Chelsea and her partner were living outside for five years in Hillsboro. They are now living in an apartment, with Project Homeless Connect's help.
Amanda met Chelsea in the local recovery community. Chelsea — who grew up in Hillsboro — had been living outdoors with her partner for about five years. After they lost their home, they camped in a parking lot by the Access Center, and then in the wooded areas the outreach team visits on their daily rounds. Eventually, Amanda got the couple into a shelter and they were connected with a regional long-term rent assistance voucher shortly after.
Though it took a year and 30 applications to find housing, Chelsea and her partner have been living in their home for about a year. They’ve also been sober for that time, and Chelsea’s 16 year-old son recently moved in with them.
From homelessness to housing, with a little help from a friend
In recent years, the City of Hillsboro has begun sweeping encampments in the wooded areas of public parks and private land. The team still visits these sites in case anyone has returned. They mostly find the remains of places where people used to live, or that the spaces have been cleared completely. As Amanda and Andrea traverse these places where people have made their outdoor homes, Amanda recalls different people she’s known: a woman who likes to write on her clothes and loves stray cats, the “old timers” who try to keep things clean, a pair of boots abandoned at a campsite that might have belonged to one individual, a drawing signed by the artist. Every field and thicket of brambles holds the story of someone who has made their home in these woods.
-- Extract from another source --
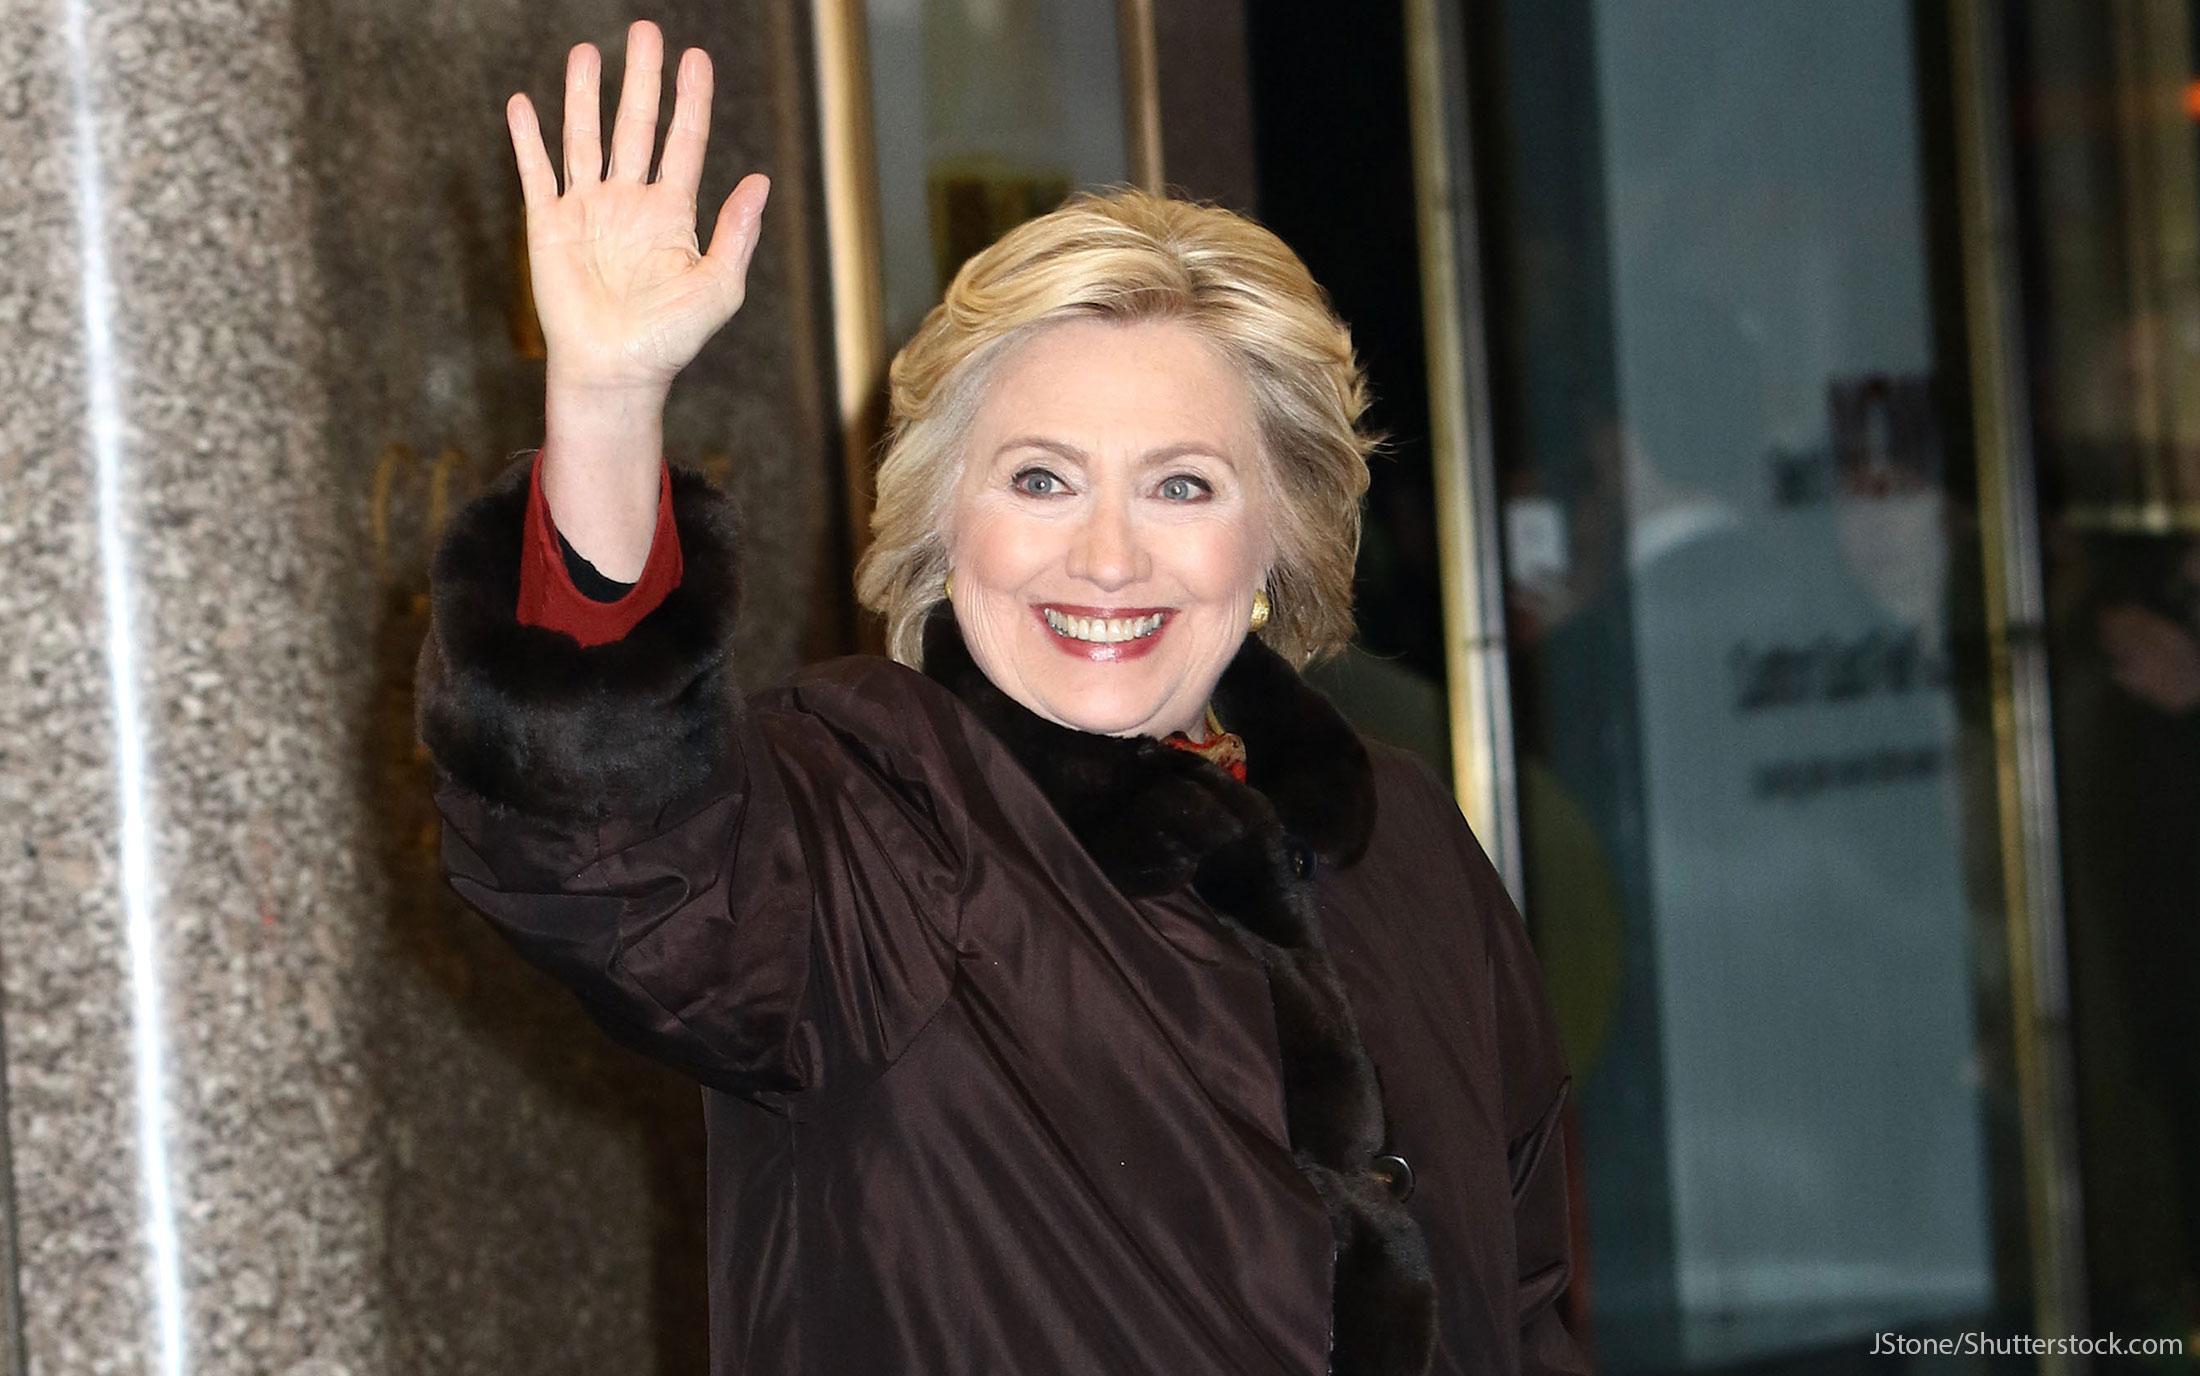 Hillary Clinton spending

Amanda recognizes the artist, Kevin, as someone who used to regularly visit the Access Center.
Amanda’s intimate knowledge of the terrain, and fond memories of the people associated with the objects that remain, reveal the depth of her commitment to the work. What she describes as “pouring into” someone is the fundamental humanity of this work, rooted in compassion and relationship.
“I love my job — I love seeing the success stories,” Amanda reflected. “I’ve gotten to see so many people that were unsheltered, and now they’re housed, doing great, and clean and sober and it’s really rewarding.”